Нужно еще сказать, что Живаго, умирая, пытается открыть окно в душном вагоне по примеру, который дал ему когда-то Погоревших: «— Не закрыть ли нам окно? — спросил Юрий Андреевич […] — Лучше было бы не закрывать. Душно» (3, 159). Сложное родство между автором романа, Клинцовым-Погоревших и Юрием Живаго не допускает в этом мотиве никакого ценностного размежевания всех троих. Смерть снимает разделение на негативных и позитивных персонажей. Религиозному анархисту не хватает того же, что и анархисту-кинику (которому — в его кинизме — не случайно сопутствует собака[267]
), — воздуха. Анархический текст Пастернака сопротивляется стараниям однозначно идентифицировать смысл его героев.VI. От «Братьев Карамазовых» к «Доктору Живаго»
Черт с Карамазовым все говорит «пакости». А у меня это слово вымарывали в репликах Мефистофеля. А между тем я в своих «странностях» всегда подчиняюсь каким-то забытым примерам или преемственности, которую сам не сознаю.
1. «Братья Карамазовы» — текст за пределами литературного жанра
Роман Пастернака находится в той традиции большого христианского повествования, которую основал Достоевский в «Братьях Карамазовых», хотя и развивает ее по-своему. Эта традиция видна уже в названии пастернаковского романа.
Чтобы сравнить эти два текста, нам придется вначале постараться выявить некоторые, ускользнувшие от внимания исследователей или лишь бегло проанализированные ими, конститутивные особенности «Братьев Карамазовых». Мы покинем на время роман Пастернака.
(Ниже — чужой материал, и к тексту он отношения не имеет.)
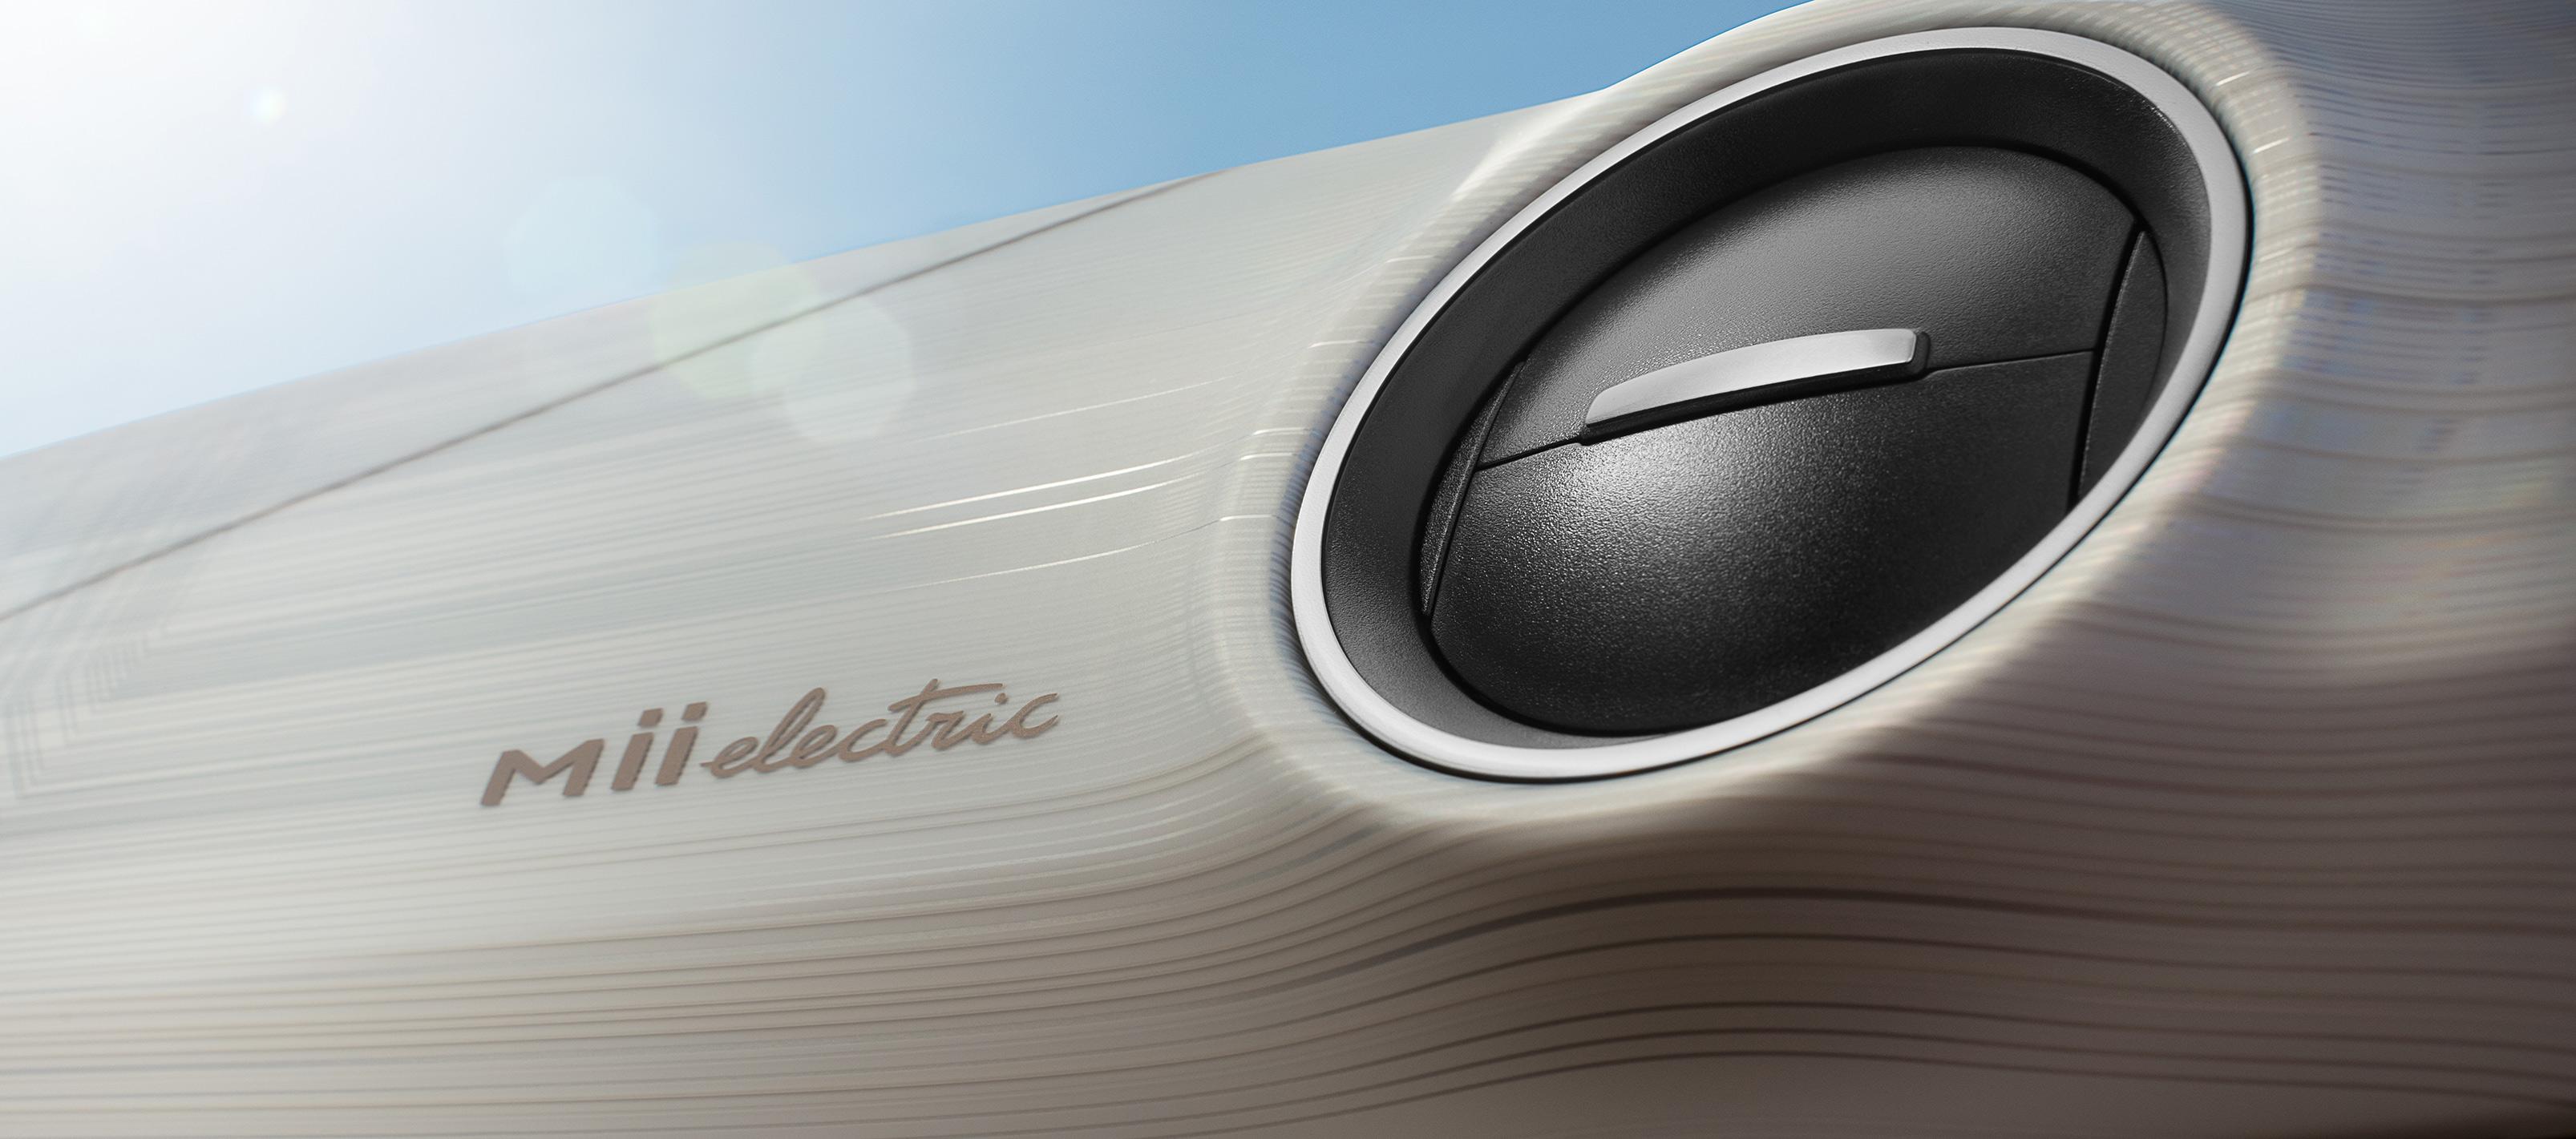 SEAT Mii Electric, urbano, eléctrico, 0 emisiones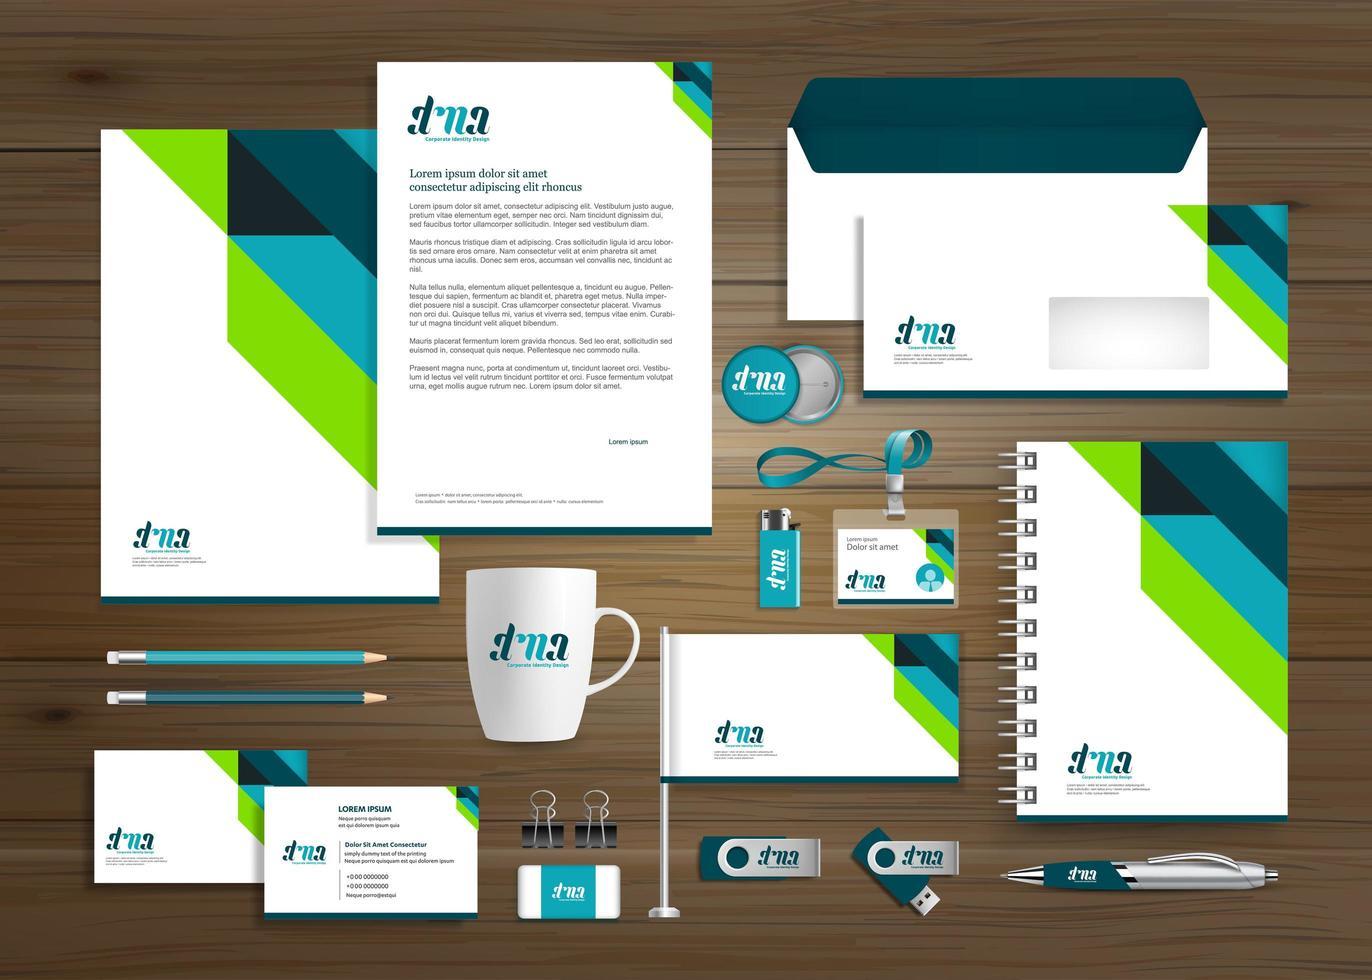 plantilla corporativa de identidad empresarial verde y azul vector

Намереваясь вести речь о том, что «Братья Карамазовы» — не литература, мы, с другой стороны, отнюдь не думаем, что этот текст принадлежит какому-то иному, чем литература, дискурсу исторического времени (пусть Достоевский и ставит в нем философские, юридические, исторические и теософские проблемы). Литература совершает в «Братьях Карамазовых» акт самоотрицания
. Достоевский не занимает метапозицию по отношению к художественному творчеству, не судит его извне. Он остается внутри него. И вместе с тем оно подвергается в «Братьях Карамазовых» последовательному разрушению. «Братья Карамазовы» созданы испытанным литератором, который не удовлетворен собой, завоеванным им художественным опытом. Процесс порождения последнего сочинения Достоевского можно представить себе как воссоздание автором неких, известных ему из его прежней практики, конститутивных для литературы свойств, подытоживаемое их негацией. По своему логическому содержанию эта негация не контрадикторна литературе, но контрарна ей. Иными словами, цель Достоевского не апофатическое умолчание о мире и Боге, но замена эстетически значимого высказывания на такое высказывание, которое так или иначе дезавуирует категорию эстетического[268].Литературоведы обычно игнорируют в их литературоцентризме нежелание позднего Достоевского быть только писателем (в «Братьях Карамазовых» оно сквозит особенно сильно, прорываясь на поверхность текста, в сценах суда над Митей, которого ложно обвиняет, по словам адвоката, прокурор-романист: «Обвинению понравился собственный роман…» (15,158)). Мы не задаемся здесь вопросом о том, когда именно начался отход Достоевского от литературы. Скорее всего, это был постепенный, нарастающий процесс разочарования в возможностях художественного слова, который нашел в «Братьях Карамазовых» (а также в «Дневнике писателя») свое завершение[269]
. Литературоведение, вовсе не подготовленное к адекватному восприятию того необычнейшего словесно-смыслового материала, которым снабжает его Достоевский, подгоняет «Братьев Карамазовых» под свою мерку, находя ее в каком-либо имеющемся в наличии художественном жанре, возводя их к жанровому образцу[270].Вяч. Иванов обнаружил парадигму позднего Достоевского в античной трагедии[271]
, не заметив того, что в «Братьях Карамазовых» народный (трагический) хор, представленный двенадцатью присяжными заседателями (а также публикой, комментирующей разбирательство, — ср.: 15, 176–177), заблуждается[272]. Текст Достоевского трагедийно катастрофичен, — повторим мы Вяч. Иванова, — но при этом серия катастроф достигает здесь своей высшей точки в катастрофе трагедии как таковой, ее истины, которую вешает в ней vox populi[273].